In that sense, Sonic Dreams Collection exists as a warning -- a way to show, however satirically, how far a fan can fall.  Even if you can play as Preggo John the Immortal Hedgehog for a couple of the modes, the others have you playing as…well, you.  In “Sonic Movie Maker” you have the “privilege” to play as a voyeuristic cameraman who chronicles the misadventures of Sonic and friends, as someone who desperately wants to be a part of their lives but at most can only play the observer.  The desire gets so extreme that at some point you insert yourself into the scenario under the guise of an observer -- when in reality, you’re someone who’s so desperate for attention and interaction that you torture Sonic and willingly get birthed by Rouge to become a child the Sonic crew can coddle infinitely.  Granted I’m pretty sure you slipped into delusion mode between scenes, but the point stands.  This is what you wanted.

Then you get to “My Roommate Sonic”, and the message hits its apex.  Your mission is…well, just watch this.

You can’t be Sonic.  No one can.  Trying to follow in his countless footsteps is a fool’s errand -- which is exactly what the game is trying to say.  Even if you somehow managed to match his speed point for point, it would still mean sacrificing your identity.  And given the revealed state of the player character once you activate the Sonic Singularity, it’s arguable that you didn’t have much of an identity to begin with.  Just a hollow, insatiable hunger to be like an unreachable idol.  Only the forbidden knowledge that you gotta go fast.

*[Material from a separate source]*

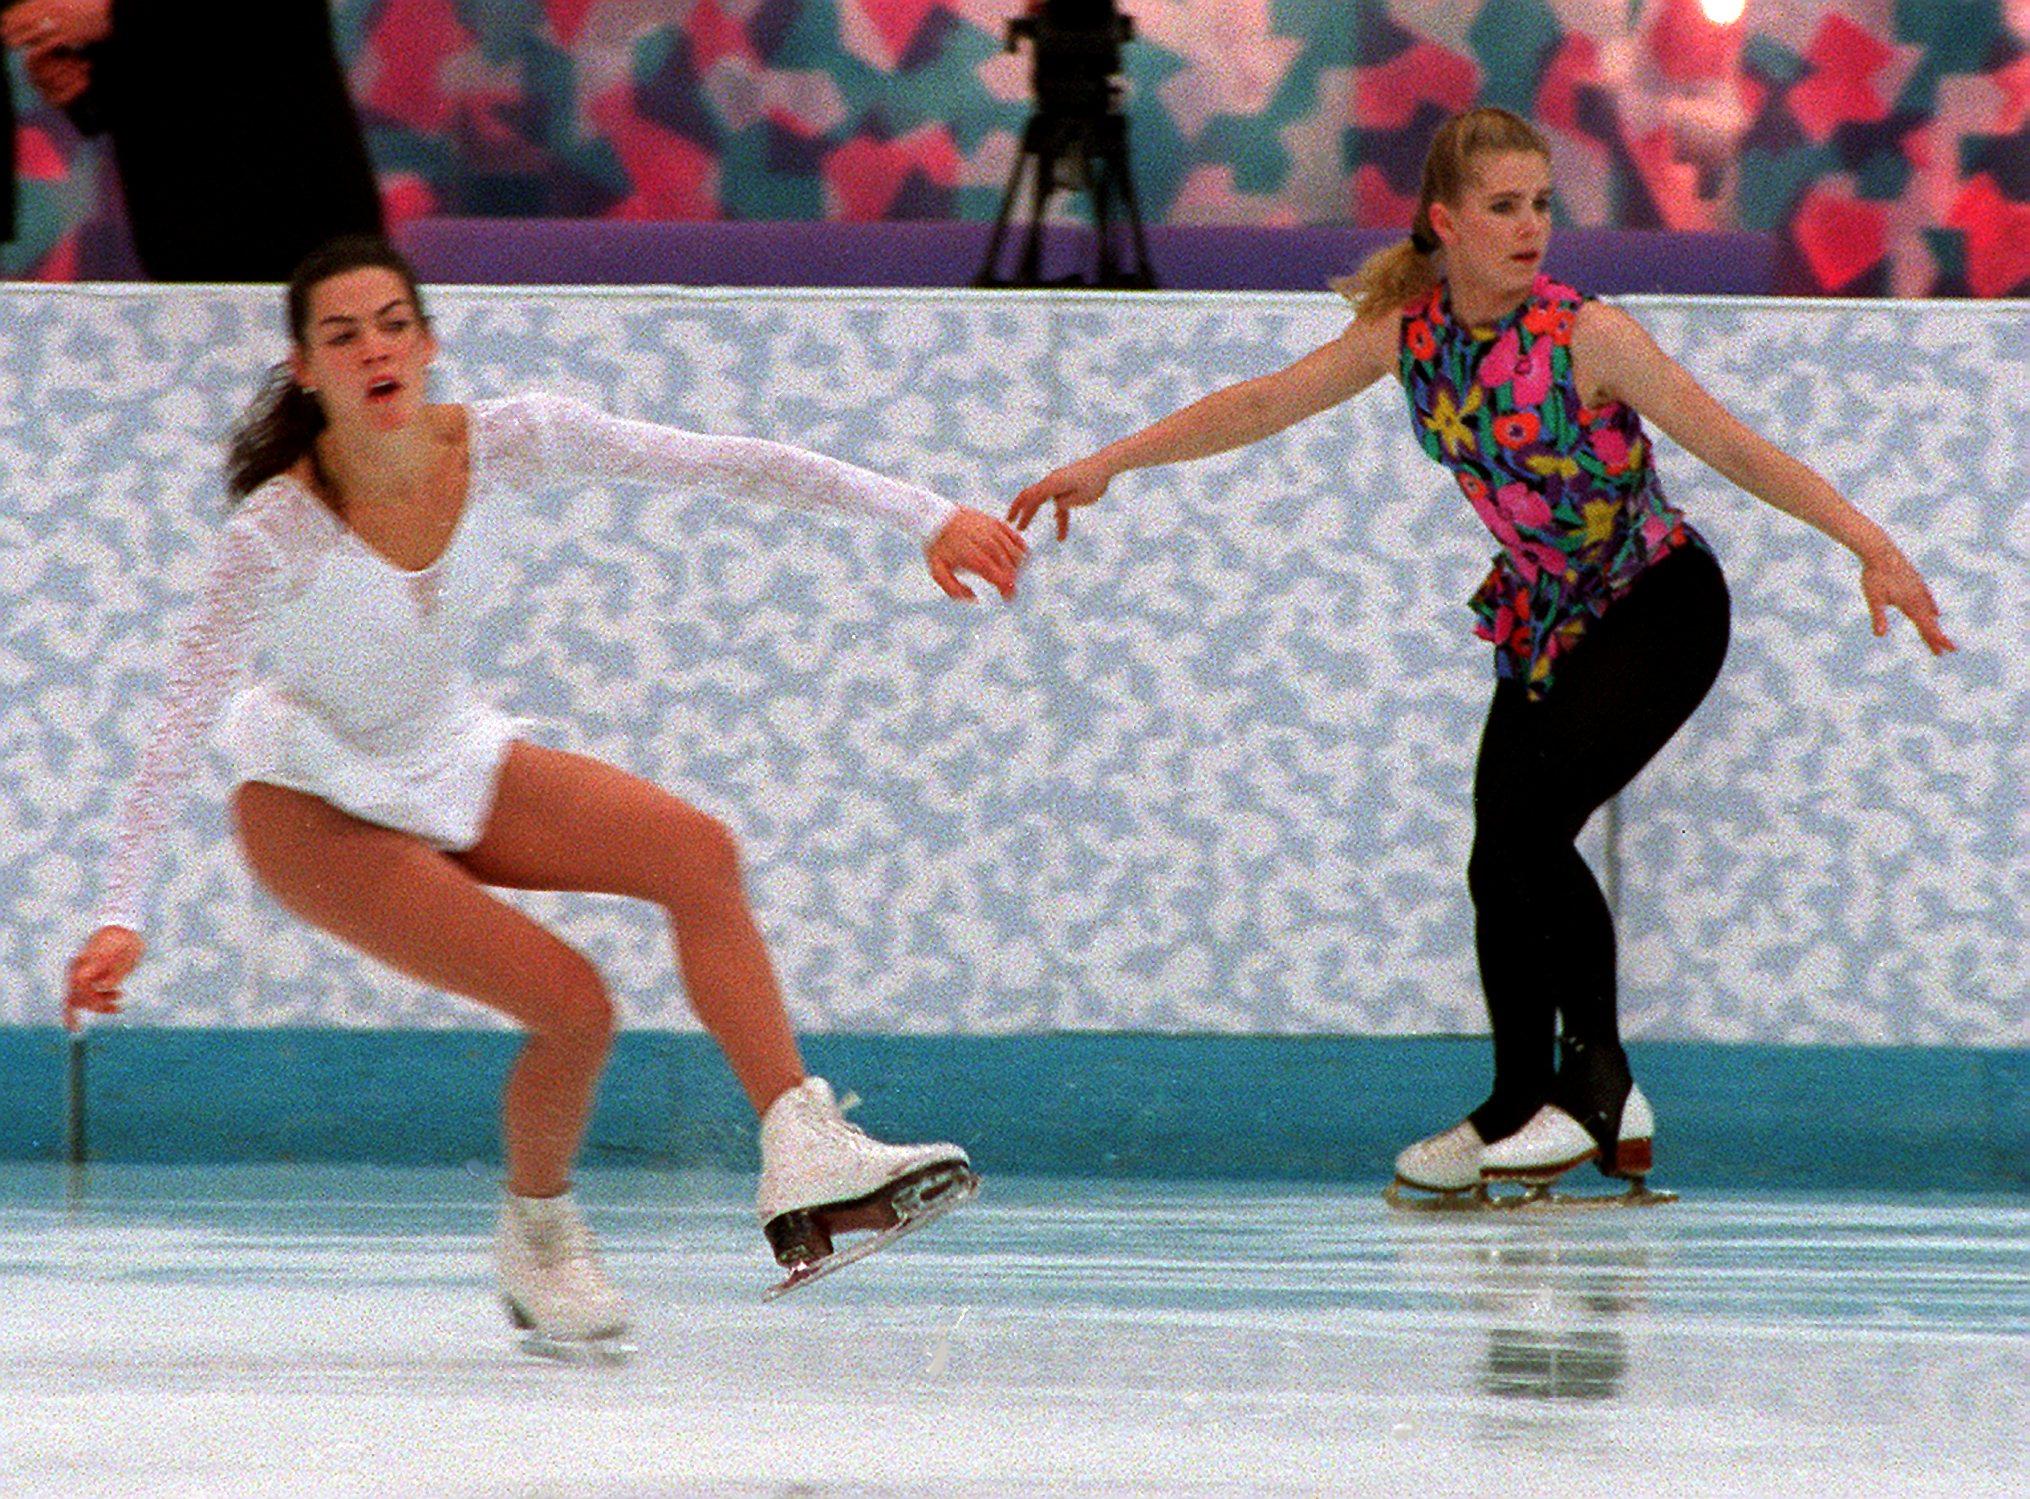 Tonya Harding And Nancy Kerrigan At Skating Practice

The freedom Sonic espouses is -- or can be -- as pure as a fresh snowfall or as tainted as a vat of crude oil spilled atop a landfill.  Maybe both.  Simultaneously.  The point is that he’s a character that easily slots into alternate takes and explorations.  The official devs can take him one way.  The penmen behind the comics can take him another way.  Fans can go a third way.  And even if Sonic Dreams Collection and its team decided to go all Lorax on the situation and cry “unless”, they’re no different.  They used Sonic for the sake of their message and expression, too.  But all things considered…why wouldn’t you?

Sonic has been around for a long time.  He’s had some highs, and he’s had some lows.  But the fact that he’s still here, to this day, means that there’s still more that can be done with him.  The official developers and companies behind him can do plenty -- but lest we forget, Sonic Mania showed the world what the fans can do not too long ago. 

I’m not going to sit here and say that anyone who uses the blue blur and/or the canon for their own purposes is wrong for doing it.  Some stuff is more appealing to specific audiences than others (or the general public), but it’s not as if we should invalidate them for their choices and modes of expression.  Otherwise, we’d all be a bunch of Eggmen.  And if nothing else?  I think, at the end of the day, we can all celebrate how powerful a mere video game can be.  He’s a character that has captured countless hearts and minds -- and in the end, that’s really the deal with Sonic the Hedgehog.

…Or maybe some people just want to hump him until his pelvis rockets through his skull.  Who can say, really?